In Korean home kitchens, gaji jorim is a comfort food classic. While traditionally made with gochujang, this version brings the same flavor magic with a DIY twist. The beauty of this dish lies in the eggplant’s ability to soak up sauce, turning every bite into a burst of flavor. Making a homemade chili paste democratizes access to this dish for anyone, anywhere.


A rustic ceramic bowl filled with thick, deep red chili paste with a glossy finish. The surface glistens under light, showcasing the sticky texture. A small wooden spoon is resting beside the bowl, coated in the vibrant paste. In the background, hints of garlic, chili flakes, and soy sauce bottles suggest the ingredients used.

Easy Gochujang Substitute (Non-Fermented)

Use this when you don’t have access to authentic Korean ingredients.

Ingredients:

  • 2 tablespoons chili powder (preferably mild to medium, like paprika or cayenne for heat)

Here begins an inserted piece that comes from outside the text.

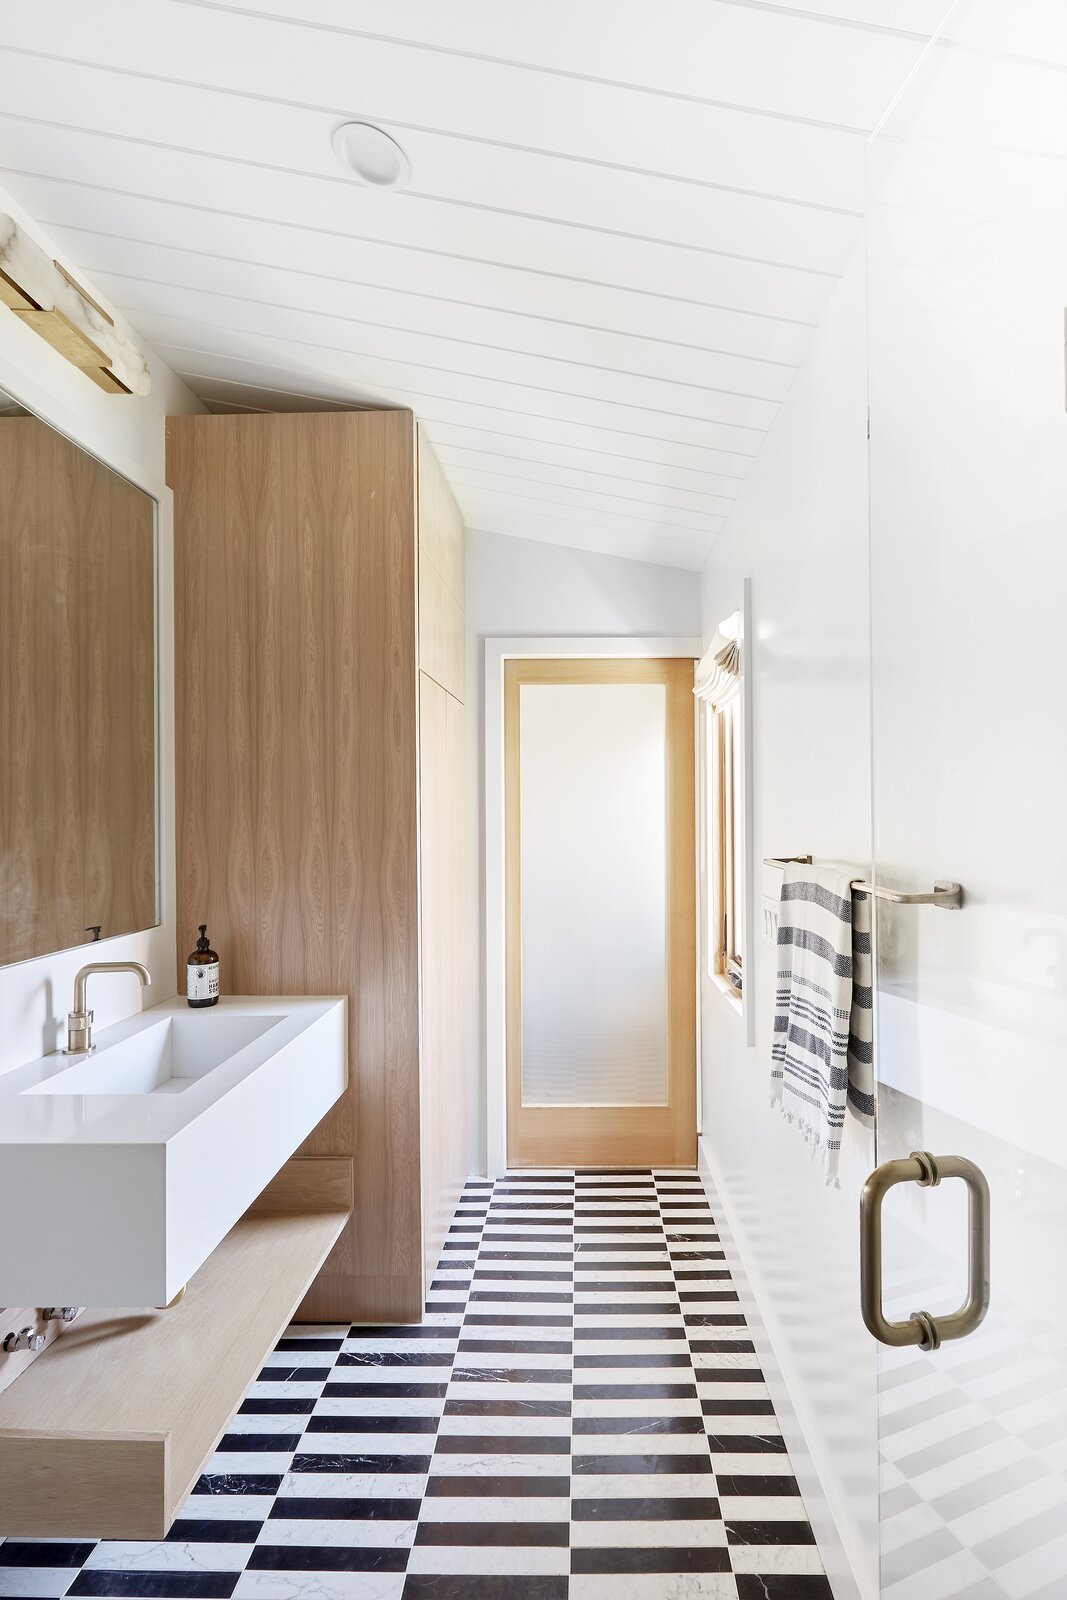 the-bathroom-features-custom-black-and-white-carrara-marble-flooring.jpg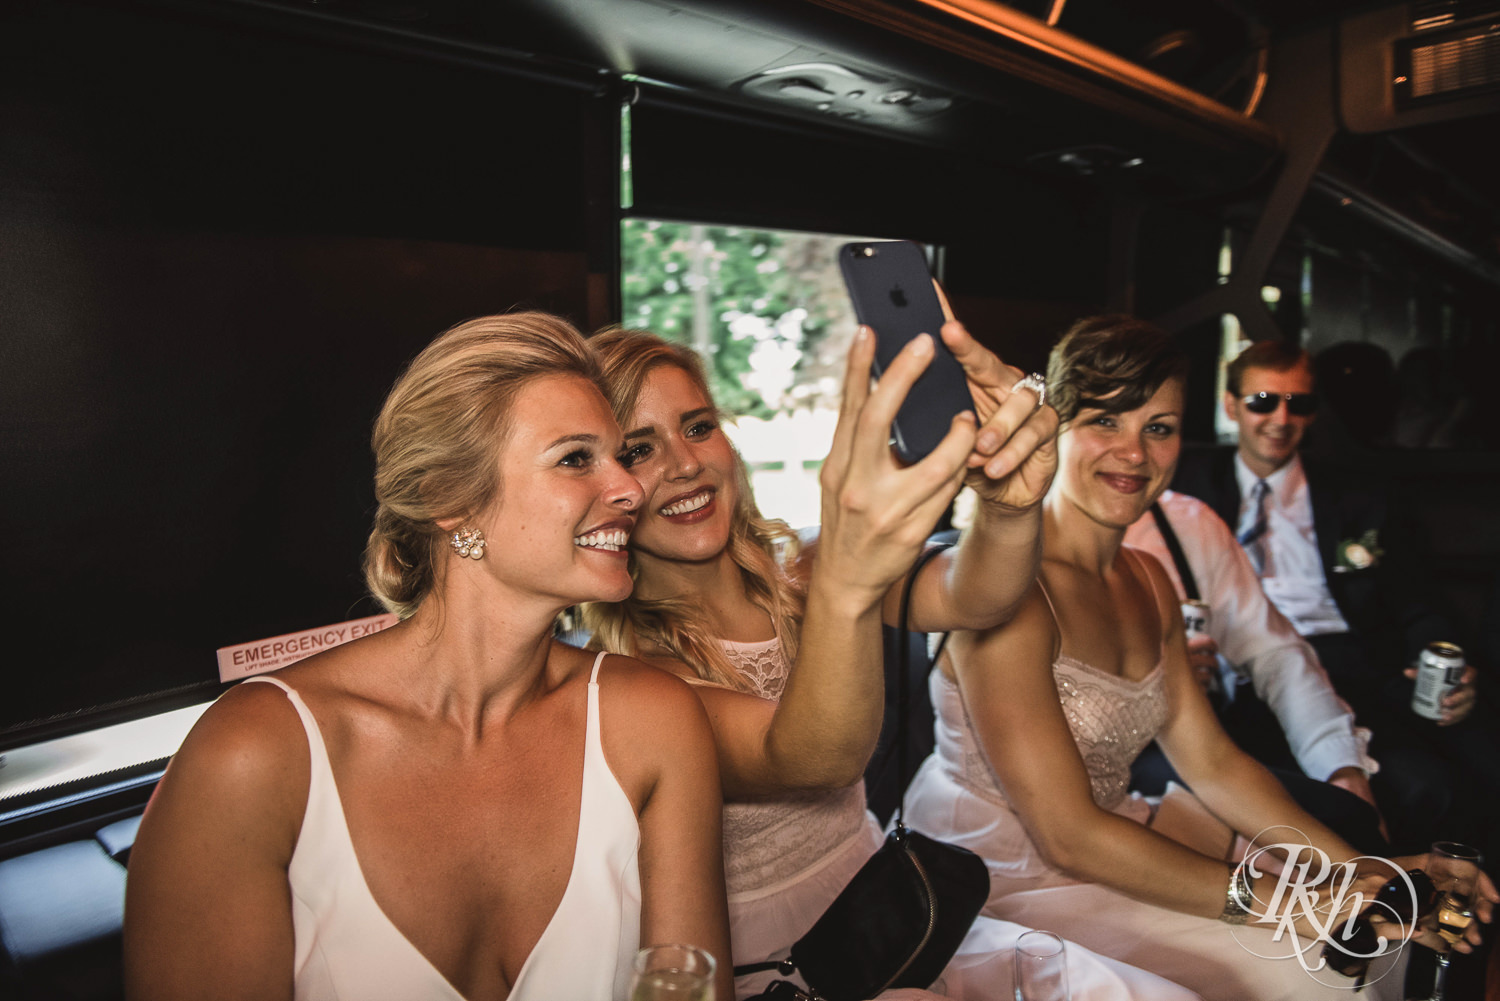 Wedding party takes selfies on party bus in Minneapolis, Minnesota.

  • 1 tablespoon tomato paste (adds umami and depth)

  • 1 tablespoon soy sauce (or tamari for gluten-free)

  • 1 tablespoon honey or brown sugar (for sweetness)

  • 1 teaspoon rice vinegar or apple cider vinegar (adds tang)

  • 1/2 teaspoon sesame oil (for nuttiness)

  • Optional: pinch of garlic powder or miso paste (for extra umami)


Instructions:

  1. Mix all ingredients in a small bowl until smooth.

  2. Taste and adjust: Add more honey for sweetness, chili for heat, or soy sauce for salt.

  3. Store in the fridge in an airtight container for up to 1 week.


Tips:

  • For a more authentic texture, add a teaspoon of cornstarch mixed with a little water and heat the paste gently to thicken.

  • If you have red miso or fermented soybean paste, adding 1/2 teaspoon can bring the mixture closer to traditional gochujang's fermented flavor.


Image Description:
Sliced eggplants, glistening in a fiery red glaze, are nestled in a shallow ceramic bowl. The sauce clings to the soft, tender eggplant pieces, creating a glossy, slightly sticky appearance. Garnished with finely chopped green onions and a sprinkle of sesame seeds, the dish radiates warmth and spice. A side of steamed white rice and stainless steel chopsticks complete the vibrant, home-cooked Korean-inspired setting.